PROVIDED INFORMATION:
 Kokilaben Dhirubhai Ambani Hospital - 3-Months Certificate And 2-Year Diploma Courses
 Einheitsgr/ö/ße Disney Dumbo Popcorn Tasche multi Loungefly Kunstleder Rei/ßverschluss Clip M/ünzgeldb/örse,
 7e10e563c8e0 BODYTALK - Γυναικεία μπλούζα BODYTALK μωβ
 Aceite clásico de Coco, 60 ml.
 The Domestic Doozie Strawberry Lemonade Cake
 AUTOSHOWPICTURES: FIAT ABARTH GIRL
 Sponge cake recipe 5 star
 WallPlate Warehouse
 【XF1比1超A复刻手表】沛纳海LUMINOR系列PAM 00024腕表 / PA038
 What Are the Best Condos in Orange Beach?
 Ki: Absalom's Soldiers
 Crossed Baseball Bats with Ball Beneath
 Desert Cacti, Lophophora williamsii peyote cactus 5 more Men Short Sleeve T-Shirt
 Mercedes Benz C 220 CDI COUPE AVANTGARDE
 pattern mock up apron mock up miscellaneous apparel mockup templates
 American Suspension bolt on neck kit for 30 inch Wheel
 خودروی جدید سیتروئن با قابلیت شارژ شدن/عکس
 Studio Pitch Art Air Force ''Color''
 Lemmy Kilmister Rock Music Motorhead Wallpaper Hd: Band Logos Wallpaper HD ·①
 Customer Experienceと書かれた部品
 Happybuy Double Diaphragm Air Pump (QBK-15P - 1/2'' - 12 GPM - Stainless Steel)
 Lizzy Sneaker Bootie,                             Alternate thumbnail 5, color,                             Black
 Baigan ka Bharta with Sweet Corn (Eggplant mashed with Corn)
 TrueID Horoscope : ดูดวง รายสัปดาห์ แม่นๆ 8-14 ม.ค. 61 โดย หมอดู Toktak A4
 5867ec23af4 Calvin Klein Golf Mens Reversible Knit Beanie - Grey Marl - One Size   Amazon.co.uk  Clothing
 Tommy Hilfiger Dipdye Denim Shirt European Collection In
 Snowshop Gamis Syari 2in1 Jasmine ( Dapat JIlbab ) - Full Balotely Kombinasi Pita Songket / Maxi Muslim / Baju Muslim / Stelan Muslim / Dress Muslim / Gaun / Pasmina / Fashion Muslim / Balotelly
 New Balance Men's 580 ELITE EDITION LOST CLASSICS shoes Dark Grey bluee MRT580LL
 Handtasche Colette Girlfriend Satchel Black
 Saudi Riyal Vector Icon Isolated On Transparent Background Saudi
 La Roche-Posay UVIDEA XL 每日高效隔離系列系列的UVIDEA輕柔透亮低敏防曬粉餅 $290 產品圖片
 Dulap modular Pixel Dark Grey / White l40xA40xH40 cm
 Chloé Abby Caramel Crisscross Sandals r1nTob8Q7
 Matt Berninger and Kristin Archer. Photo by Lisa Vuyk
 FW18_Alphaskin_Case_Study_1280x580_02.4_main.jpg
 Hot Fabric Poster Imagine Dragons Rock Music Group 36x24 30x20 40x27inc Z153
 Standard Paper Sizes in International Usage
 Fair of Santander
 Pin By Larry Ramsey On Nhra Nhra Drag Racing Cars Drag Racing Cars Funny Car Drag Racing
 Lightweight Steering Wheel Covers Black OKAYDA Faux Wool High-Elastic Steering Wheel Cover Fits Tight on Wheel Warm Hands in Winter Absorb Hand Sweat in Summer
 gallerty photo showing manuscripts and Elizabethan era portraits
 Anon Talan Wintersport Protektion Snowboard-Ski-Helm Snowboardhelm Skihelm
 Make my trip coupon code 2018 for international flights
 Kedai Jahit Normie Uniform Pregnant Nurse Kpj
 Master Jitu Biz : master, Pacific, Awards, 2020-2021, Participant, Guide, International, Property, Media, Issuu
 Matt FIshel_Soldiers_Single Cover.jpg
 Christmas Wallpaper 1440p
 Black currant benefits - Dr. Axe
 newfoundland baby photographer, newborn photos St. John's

INSTRUCTIONS TO FOLLOW:
Copy range, inclusive: the line holding "Chloé Abby Caramel" to the line holding "Fair of Santander". Reproduce exactly those lines of the records above and no others.

RESPONSE:
 Chloé Abby Caramel Crisscross Sandals r1nTob8Q7
 Matt Berninger and Kristin Archer. Photo by Lisa Vuyk
 FW18_Alphaskin_Case_Study_1280x580_02.4_main.jpg
 Hot Fabric Poster Imagine Dragons Rock Music Group 36x24 30x20 40x27inc Z153
 Standard Paper Sizes in International Usage
 Fair of Santander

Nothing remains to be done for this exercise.